In this embodiment, the operation monitoring module is configured to monitor an operation state of the anti-fraud active inspection and early warning system. The method mainly comprises the steps of service monitoring, server monitoring, network monitoring and safety monitoring;
service monitoring: monitoring the running states of the data acquisition and integration system 100, the model and strategy construction system 200, the real-time active early warning system 300, the platform management system 400 and the database;
monitoring by the server: and monitoring the cluster equipment, including equipment temperature, power on and power off, fan rotating speed and the like. Monitoring a CPU, a memory, a disk and an operating system of the server;
network monitoring: monitoring network flow, network storm, network congestion and network topology;
safety monitoring: data security, user security, network security, access security, and the like are monitored.

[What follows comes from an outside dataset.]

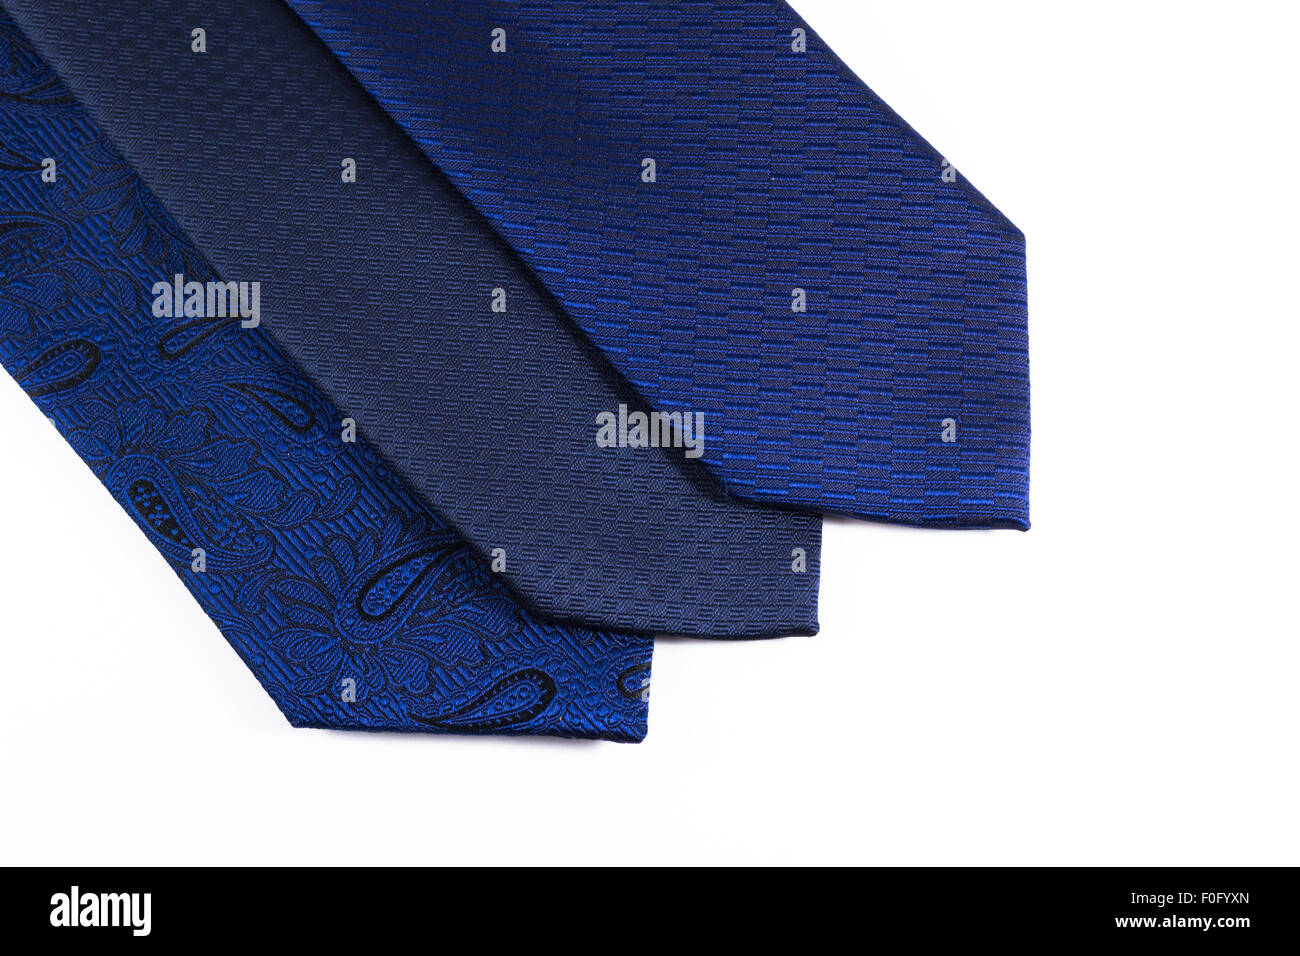 Drei blaue Krawatten aus Seide in einer Reihe, die Zugehörigkeit zu einem modernen Business-Mann auf einem weißen Hintergrund Stockfoto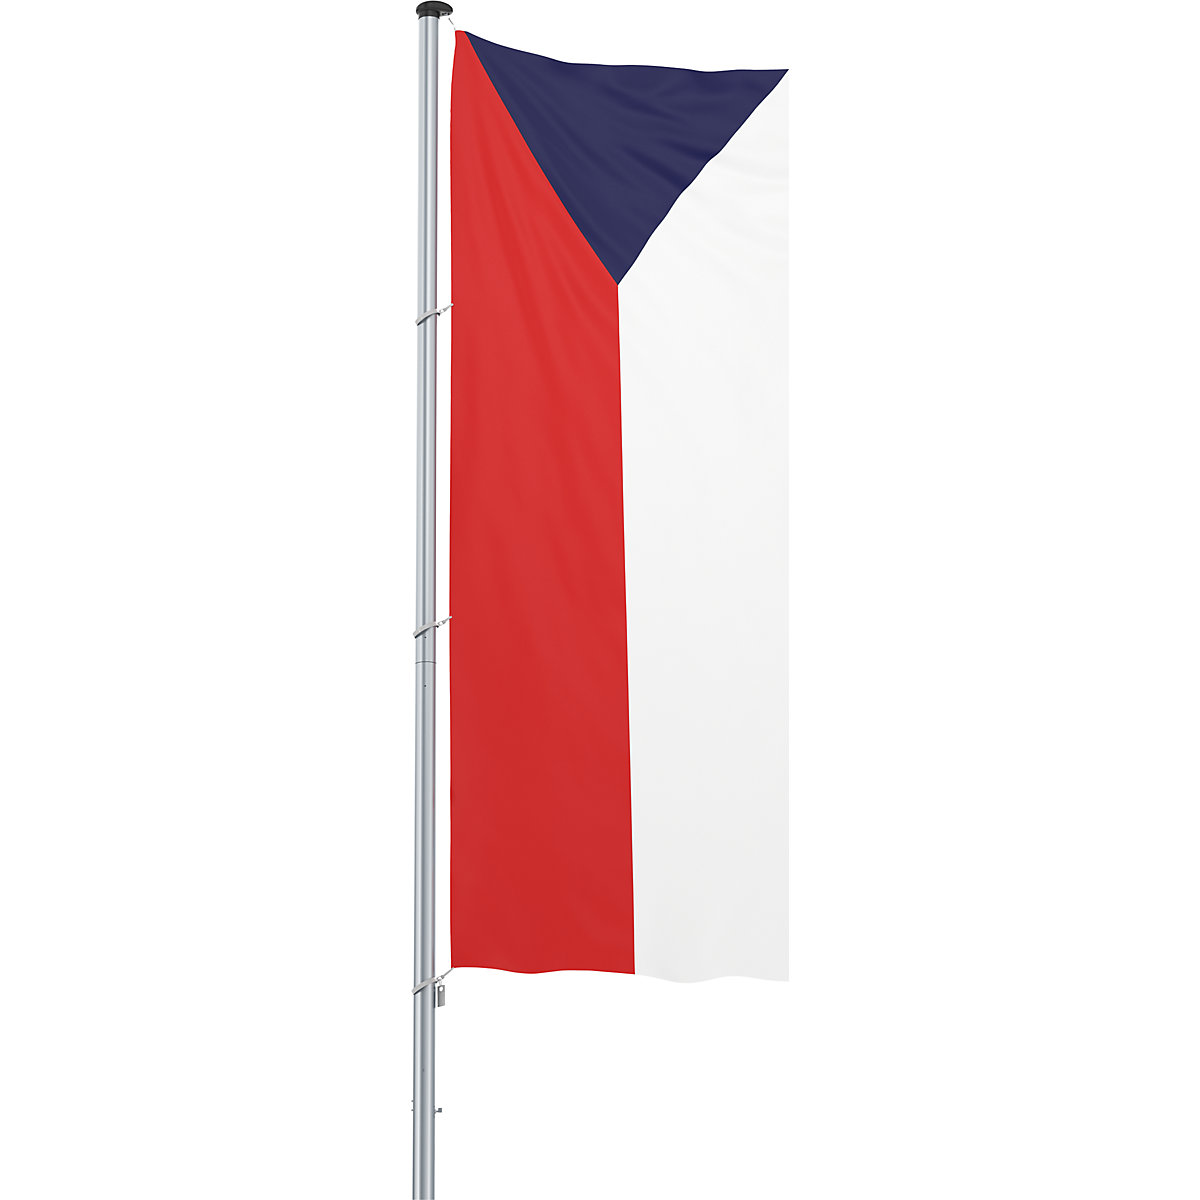 Hijsvlag/landvlag – Mannus, formaat 1,2 x 3 m, Tsjechische Republiek-22

It should be noted that, the anti-fraud active inspection and early warning system provided in the foregoing embodiment is only illustrated by the division of the functional modules, and in practical applications, the functions may be distributed by different functional modules according to needs, that is, the modules or steps in the embodiment of the present invention are further decomposed or combined, for example, the modules in the foregoing embodiment may be combined into one module, or may be further split into multiple sub-modules, so as to complete all or part of the functions described above. The names of the modules and steps involved in the embodiments of the present invention are only for distinguishing the modules or steps, and are not to be construed as unduly limiting the present invention.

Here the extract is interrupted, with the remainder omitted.